# Okeechobee



## Blue Zone (Oct 22, 2011)

Snook69 said:


> Anyone know some decents spots on Okeechobee for a first timer on the lake? I have a small flats skiff and haven't gone fresh water fishing in years, I live in ft Myers and would like to start making trips there more.


Head over to Clewiston and off 27 there is a road to Roland Martin's Marina/Motel/Restaurant. go past that and there is a park of sorts where you can launch. You will be right at the entrance to the lake where you can fish either the rim canal or off the channel out to the lake.


----------



## Snook69 (Feb 8, 2016)

Blue Zone said:


> Head over to Clewiston and off 27 there is a road to Roland Martin's Marina/Motel/Restaurant. go past that and there is a park of sorts where you can launch. You will be right at the entrance to the lake where you can fish either the rim canal or off the channel out to the lake.


Awesome thanks for the response!


----------



## Backwater (Dec 14, 2014)

Another place to fish is Haney Pond Canal in Lakeport. Also, twin palms and the Monkey Box.

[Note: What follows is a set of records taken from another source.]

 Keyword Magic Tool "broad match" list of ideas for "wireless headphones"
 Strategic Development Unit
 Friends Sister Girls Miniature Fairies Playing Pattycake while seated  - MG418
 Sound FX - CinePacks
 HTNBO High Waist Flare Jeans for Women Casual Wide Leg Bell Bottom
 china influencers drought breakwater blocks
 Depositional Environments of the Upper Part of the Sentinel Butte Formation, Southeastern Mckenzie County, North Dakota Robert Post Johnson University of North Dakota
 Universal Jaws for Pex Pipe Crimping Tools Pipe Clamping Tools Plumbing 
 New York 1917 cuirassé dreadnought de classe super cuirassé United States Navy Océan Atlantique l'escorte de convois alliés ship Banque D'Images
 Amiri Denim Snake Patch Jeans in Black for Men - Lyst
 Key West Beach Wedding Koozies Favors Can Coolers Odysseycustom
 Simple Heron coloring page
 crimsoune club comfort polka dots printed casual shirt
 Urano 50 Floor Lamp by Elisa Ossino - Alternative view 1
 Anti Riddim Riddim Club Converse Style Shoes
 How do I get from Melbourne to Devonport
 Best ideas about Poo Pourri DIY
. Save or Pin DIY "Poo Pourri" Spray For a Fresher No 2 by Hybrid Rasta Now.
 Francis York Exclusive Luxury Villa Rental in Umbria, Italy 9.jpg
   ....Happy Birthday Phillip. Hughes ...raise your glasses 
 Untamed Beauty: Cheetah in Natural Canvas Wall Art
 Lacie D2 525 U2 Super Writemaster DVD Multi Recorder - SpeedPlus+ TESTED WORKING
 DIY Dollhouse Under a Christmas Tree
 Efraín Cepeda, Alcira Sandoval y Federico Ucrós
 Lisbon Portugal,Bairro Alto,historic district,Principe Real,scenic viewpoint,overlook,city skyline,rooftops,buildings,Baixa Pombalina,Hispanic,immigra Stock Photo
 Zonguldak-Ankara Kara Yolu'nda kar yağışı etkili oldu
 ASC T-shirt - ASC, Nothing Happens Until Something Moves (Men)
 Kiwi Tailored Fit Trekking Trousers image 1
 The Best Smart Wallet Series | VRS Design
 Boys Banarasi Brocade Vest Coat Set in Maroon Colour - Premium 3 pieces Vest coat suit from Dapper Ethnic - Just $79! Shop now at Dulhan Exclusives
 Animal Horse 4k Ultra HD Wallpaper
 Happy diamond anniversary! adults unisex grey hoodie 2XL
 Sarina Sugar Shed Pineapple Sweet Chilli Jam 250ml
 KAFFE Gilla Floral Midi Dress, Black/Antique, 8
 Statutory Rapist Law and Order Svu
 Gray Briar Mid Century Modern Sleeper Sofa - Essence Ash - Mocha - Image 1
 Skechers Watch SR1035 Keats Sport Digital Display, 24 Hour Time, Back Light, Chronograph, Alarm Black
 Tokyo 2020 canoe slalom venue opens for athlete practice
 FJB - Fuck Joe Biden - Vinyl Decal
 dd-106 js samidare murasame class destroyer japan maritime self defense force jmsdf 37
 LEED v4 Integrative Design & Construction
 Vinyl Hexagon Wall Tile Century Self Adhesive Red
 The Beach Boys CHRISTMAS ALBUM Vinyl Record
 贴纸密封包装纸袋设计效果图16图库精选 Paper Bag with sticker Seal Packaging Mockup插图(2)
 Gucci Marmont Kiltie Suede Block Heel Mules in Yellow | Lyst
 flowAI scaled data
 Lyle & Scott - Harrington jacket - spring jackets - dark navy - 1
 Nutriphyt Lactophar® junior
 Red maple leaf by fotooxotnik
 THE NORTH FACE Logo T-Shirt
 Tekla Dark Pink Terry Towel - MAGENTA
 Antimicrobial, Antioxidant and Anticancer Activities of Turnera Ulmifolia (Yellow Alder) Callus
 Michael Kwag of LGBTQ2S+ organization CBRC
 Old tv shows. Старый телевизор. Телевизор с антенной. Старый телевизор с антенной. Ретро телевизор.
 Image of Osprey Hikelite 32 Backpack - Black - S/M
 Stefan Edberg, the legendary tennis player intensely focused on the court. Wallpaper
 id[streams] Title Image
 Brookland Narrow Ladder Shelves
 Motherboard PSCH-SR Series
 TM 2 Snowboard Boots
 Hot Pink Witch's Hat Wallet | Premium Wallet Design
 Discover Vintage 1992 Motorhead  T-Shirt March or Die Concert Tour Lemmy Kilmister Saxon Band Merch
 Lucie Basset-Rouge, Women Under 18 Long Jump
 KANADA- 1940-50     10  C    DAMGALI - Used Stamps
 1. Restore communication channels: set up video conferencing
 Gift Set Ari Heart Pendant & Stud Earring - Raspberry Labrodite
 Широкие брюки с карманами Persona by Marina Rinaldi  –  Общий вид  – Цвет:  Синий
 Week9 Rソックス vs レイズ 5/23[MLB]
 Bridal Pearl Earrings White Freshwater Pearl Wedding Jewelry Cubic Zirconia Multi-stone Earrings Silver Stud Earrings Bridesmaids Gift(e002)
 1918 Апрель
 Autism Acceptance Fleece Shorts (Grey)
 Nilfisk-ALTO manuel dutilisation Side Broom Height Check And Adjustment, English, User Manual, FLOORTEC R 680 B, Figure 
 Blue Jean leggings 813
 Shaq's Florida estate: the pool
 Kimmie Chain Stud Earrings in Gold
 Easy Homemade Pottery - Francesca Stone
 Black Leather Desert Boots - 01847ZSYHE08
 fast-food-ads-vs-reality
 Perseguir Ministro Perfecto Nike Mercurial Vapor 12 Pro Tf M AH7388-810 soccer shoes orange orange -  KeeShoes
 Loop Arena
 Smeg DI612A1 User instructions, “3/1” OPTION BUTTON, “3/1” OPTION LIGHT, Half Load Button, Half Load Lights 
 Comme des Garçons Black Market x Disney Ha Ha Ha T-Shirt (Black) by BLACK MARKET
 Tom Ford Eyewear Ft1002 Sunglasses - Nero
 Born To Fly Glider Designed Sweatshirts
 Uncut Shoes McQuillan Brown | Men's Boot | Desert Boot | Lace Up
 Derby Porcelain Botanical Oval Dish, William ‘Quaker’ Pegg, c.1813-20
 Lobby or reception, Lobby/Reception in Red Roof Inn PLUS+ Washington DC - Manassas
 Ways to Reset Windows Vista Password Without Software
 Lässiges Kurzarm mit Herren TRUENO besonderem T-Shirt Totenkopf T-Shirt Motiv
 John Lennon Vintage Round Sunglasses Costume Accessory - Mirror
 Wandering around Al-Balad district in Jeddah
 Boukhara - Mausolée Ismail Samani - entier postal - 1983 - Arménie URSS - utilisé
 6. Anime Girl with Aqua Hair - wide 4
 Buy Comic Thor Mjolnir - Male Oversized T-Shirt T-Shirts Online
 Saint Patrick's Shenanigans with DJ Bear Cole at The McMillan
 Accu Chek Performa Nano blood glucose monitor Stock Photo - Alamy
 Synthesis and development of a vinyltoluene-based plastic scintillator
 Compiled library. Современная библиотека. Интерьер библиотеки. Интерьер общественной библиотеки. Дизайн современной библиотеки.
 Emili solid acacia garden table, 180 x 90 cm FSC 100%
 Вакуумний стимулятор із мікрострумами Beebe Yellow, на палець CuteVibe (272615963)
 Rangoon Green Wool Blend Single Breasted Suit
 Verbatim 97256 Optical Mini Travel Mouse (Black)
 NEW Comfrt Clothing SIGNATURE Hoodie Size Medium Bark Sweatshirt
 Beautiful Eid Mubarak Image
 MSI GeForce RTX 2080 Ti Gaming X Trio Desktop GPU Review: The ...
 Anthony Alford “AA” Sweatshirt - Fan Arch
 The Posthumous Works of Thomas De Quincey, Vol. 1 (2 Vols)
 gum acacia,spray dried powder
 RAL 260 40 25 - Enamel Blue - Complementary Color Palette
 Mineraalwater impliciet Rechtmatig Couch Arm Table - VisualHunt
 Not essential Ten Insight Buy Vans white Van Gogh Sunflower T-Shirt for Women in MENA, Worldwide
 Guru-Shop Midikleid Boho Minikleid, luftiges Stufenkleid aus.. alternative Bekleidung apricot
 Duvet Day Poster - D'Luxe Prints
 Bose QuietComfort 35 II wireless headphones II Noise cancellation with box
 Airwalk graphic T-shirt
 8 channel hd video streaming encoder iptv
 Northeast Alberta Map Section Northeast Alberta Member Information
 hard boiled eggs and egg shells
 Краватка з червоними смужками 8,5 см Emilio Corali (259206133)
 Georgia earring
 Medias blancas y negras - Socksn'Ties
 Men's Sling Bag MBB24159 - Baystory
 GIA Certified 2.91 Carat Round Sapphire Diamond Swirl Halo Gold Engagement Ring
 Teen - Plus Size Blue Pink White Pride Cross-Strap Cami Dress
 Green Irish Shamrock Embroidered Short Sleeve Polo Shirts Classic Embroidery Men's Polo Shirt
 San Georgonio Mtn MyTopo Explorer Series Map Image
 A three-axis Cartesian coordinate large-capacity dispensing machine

I take it you haven't tried the Caloosahatchee? Try either putting in at the Franklin locks on the freshwater side and fishing up river or at the Alva boat ramp. What you are trying to accomplish is to fish what we call is the "Dead River," which is the areas behind the little islands made when they dredged the main river from a little windy river, back in the 1920's. Those shallow areas are full of bass habitat. If you are looking for bluegills only, the main river is full of them, but you have to know how to catch those, which is a different technique than lake fishing.

Ted Haas


----------